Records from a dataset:
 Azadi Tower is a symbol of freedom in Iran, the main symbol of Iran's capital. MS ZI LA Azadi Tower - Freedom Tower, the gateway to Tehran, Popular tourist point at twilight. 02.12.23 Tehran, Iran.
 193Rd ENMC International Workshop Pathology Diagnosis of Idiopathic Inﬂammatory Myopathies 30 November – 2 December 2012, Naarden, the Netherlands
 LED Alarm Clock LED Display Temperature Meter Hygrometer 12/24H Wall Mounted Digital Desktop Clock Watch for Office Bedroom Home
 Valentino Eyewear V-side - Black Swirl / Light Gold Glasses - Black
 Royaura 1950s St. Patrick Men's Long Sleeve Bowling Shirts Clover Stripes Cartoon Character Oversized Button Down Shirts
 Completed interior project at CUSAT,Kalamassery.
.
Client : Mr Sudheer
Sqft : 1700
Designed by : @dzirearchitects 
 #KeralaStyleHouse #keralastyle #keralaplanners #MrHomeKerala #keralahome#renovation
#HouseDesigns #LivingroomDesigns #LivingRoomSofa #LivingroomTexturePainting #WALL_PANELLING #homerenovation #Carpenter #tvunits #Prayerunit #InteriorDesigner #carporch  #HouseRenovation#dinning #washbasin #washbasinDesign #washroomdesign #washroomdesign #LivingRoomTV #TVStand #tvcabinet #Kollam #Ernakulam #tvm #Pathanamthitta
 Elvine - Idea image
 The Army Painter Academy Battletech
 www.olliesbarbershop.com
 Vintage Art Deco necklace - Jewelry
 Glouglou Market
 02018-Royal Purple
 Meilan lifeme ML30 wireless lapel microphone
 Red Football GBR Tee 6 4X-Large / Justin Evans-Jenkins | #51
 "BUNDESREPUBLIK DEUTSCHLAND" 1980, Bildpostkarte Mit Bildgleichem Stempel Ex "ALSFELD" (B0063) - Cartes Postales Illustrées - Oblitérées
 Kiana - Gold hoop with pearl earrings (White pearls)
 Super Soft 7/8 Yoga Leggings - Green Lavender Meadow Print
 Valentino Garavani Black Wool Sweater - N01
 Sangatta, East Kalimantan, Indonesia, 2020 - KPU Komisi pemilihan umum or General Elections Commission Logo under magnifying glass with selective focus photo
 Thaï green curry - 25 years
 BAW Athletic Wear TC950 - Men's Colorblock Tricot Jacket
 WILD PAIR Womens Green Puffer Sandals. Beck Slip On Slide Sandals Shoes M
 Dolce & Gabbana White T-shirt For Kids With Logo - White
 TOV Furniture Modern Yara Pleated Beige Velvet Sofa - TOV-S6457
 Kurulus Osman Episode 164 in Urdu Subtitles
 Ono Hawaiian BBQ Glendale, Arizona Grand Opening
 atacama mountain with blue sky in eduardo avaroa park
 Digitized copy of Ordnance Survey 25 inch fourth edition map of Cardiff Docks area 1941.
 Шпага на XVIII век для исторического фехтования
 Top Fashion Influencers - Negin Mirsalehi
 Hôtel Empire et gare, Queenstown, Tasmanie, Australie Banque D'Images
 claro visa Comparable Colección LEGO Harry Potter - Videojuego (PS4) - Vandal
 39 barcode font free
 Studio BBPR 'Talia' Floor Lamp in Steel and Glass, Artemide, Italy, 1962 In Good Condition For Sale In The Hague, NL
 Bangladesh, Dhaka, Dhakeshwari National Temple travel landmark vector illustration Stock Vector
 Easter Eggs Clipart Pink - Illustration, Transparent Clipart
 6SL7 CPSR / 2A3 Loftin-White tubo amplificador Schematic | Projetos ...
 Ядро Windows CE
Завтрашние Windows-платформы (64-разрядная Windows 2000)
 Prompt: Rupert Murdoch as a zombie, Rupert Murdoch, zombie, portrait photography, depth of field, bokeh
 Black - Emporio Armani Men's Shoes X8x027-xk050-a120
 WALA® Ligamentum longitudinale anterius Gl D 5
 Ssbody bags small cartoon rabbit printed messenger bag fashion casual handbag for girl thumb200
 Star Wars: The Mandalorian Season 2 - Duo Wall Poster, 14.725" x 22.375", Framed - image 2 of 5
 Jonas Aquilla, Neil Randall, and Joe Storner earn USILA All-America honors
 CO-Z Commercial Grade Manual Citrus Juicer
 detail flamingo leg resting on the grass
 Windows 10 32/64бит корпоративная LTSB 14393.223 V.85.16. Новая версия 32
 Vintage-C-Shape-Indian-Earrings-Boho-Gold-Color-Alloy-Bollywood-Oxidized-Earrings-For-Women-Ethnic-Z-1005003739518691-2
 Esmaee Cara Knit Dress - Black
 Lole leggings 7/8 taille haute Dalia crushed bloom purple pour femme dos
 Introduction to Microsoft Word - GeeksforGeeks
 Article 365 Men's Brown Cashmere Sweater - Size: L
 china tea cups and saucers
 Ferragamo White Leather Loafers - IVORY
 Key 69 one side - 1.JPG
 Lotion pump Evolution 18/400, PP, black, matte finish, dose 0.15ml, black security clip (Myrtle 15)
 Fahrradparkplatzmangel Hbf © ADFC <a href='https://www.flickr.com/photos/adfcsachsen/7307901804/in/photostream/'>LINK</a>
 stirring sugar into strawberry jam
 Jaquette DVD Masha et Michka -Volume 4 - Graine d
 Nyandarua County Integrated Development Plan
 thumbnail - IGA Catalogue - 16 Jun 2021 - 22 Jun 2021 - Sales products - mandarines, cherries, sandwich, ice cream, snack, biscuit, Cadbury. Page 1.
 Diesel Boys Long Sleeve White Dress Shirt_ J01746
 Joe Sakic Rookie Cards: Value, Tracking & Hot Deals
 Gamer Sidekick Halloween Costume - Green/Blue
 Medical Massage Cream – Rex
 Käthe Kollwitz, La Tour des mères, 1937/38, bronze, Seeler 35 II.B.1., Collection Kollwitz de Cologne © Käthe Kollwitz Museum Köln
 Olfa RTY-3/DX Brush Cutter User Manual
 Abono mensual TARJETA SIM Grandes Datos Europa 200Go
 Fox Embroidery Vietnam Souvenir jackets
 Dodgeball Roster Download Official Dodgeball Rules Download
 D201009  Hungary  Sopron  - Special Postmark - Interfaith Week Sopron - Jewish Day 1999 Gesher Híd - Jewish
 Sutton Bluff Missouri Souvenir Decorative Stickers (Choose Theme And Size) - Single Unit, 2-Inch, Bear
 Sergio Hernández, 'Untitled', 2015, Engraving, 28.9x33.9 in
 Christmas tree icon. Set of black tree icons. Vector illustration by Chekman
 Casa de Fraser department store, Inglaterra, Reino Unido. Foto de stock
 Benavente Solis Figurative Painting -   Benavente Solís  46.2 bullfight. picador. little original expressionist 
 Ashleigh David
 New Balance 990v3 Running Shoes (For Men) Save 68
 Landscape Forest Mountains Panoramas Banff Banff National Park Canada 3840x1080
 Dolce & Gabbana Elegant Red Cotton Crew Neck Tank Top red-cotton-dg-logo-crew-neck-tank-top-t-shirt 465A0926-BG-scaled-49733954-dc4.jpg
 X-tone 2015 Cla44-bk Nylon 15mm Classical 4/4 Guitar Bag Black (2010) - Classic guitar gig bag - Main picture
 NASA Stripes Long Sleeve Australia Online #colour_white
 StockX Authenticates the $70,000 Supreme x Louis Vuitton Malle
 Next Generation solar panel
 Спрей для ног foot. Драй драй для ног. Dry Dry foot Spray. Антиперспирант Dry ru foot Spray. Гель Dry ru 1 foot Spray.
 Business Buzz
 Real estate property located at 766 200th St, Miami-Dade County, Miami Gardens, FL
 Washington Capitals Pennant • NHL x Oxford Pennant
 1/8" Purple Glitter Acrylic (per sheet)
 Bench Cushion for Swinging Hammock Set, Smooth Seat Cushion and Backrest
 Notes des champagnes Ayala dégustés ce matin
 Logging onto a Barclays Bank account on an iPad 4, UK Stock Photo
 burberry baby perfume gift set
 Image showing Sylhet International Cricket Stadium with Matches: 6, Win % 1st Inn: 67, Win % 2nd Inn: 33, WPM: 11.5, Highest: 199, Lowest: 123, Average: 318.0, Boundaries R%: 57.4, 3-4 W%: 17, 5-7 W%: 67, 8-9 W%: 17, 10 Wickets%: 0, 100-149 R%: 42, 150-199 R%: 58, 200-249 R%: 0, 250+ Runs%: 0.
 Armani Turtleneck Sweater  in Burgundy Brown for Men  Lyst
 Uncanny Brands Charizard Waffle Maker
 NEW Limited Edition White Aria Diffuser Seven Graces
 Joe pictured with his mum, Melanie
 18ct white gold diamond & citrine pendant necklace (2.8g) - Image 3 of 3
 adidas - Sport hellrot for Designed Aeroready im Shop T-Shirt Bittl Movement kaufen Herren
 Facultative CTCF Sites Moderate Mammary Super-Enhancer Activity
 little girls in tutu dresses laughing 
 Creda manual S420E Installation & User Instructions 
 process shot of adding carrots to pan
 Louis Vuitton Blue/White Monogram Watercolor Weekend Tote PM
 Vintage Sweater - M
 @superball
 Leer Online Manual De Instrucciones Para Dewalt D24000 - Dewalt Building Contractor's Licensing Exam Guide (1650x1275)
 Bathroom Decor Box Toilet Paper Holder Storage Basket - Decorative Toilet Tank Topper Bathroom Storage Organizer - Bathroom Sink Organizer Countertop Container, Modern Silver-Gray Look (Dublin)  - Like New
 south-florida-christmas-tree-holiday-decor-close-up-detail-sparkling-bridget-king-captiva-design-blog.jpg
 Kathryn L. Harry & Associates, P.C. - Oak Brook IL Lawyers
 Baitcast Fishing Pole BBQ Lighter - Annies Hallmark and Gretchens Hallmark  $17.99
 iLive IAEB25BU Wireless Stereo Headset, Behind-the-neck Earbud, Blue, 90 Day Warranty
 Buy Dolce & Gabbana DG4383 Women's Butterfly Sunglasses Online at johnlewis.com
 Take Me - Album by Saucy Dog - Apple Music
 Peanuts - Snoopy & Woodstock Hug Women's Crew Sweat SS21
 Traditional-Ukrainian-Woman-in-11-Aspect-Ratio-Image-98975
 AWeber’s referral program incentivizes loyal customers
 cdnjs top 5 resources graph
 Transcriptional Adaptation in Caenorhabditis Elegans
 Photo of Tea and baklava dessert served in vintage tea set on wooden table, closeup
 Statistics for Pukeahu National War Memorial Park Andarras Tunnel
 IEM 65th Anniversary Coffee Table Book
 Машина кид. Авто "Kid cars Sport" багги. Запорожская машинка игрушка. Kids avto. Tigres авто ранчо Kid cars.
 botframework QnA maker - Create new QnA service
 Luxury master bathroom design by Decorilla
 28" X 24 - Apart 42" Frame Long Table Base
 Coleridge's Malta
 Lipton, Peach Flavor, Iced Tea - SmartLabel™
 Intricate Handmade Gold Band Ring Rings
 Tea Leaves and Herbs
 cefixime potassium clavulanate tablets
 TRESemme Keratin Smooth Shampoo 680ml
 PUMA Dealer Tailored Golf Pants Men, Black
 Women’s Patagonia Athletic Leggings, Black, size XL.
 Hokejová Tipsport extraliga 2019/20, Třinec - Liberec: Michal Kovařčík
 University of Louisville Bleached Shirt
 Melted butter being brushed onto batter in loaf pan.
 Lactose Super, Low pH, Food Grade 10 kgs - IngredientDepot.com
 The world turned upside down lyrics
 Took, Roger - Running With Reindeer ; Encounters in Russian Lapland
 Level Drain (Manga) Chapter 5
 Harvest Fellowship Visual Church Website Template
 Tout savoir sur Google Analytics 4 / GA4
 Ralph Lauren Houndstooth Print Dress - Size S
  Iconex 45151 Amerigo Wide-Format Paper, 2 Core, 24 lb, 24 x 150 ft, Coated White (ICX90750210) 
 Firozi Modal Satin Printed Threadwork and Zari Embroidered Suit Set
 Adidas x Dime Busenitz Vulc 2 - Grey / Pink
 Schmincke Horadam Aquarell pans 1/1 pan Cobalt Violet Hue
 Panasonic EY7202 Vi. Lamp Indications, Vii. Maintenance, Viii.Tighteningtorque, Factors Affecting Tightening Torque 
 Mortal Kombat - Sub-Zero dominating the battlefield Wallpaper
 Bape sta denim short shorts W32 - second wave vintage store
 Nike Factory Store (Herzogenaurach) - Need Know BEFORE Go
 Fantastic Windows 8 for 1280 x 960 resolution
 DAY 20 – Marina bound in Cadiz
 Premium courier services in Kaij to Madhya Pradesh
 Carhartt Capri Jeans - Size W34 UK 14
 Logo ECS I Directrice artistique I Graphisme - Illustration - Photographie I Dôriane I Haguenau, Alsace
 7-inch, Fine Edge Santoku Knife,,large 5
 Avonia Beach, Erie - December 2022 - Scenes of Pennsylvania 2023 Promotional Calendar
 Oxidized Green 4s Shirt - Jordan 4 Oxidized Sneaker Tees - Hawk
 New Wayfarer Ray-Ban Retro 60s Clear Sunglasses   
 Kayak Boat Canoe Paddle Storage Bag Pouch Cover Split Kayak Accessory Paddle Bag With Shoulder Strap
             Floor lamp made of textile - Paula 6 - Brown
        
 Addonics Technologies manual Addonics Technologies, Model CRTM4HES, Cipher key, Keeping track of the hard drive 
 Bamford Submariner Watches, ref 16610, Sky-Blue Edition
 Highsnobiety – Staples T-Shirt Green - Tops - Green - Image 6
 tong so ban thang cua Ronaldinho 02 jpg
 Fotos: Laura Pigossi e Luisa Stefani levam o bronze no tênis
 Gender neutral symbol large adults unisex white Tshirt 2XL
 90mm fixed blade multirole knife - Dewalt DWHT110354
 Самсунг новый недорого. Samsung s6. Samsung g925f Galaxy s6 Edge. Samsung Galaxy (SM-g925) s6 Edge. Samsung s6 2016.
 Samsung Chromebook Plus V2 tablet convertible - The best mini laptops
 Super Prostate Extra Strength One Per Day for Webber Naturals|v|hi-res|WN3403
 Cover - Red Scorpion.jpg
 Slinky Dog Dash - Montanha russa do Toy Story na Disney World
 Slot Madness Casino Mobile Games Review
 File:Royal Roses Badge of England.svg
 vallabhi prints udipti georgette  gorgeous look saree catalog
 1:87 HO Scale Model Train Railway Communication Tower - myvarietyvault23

### Required work:
Search the entries for the string "International" and return each line where it turns up.

### Reply:
 193Rd ENMC International Workshop Pathology Diagnosis of Idiopathic Inﬂammatory Myopathies 30 November – 2 December 2012, Naarden, the Netherlands
 Image showing Sylhet International Cricket Stadium with Matches: 6, Win % 1st Inn: 67, Win % 2nd Inn: 33, WPM: 11.5, Highest: 199, Lowest: 123, Average: 318.0, Boundaries R%: 57.4, 3-4 W%: 17, 5-7 W%: 67, 8-9 W%: 17, 10 Wickets%: 0, 100-149 R%: 42, 150-199 R%: 58, 200-249 R%: 0, 250+ Runs%: 0.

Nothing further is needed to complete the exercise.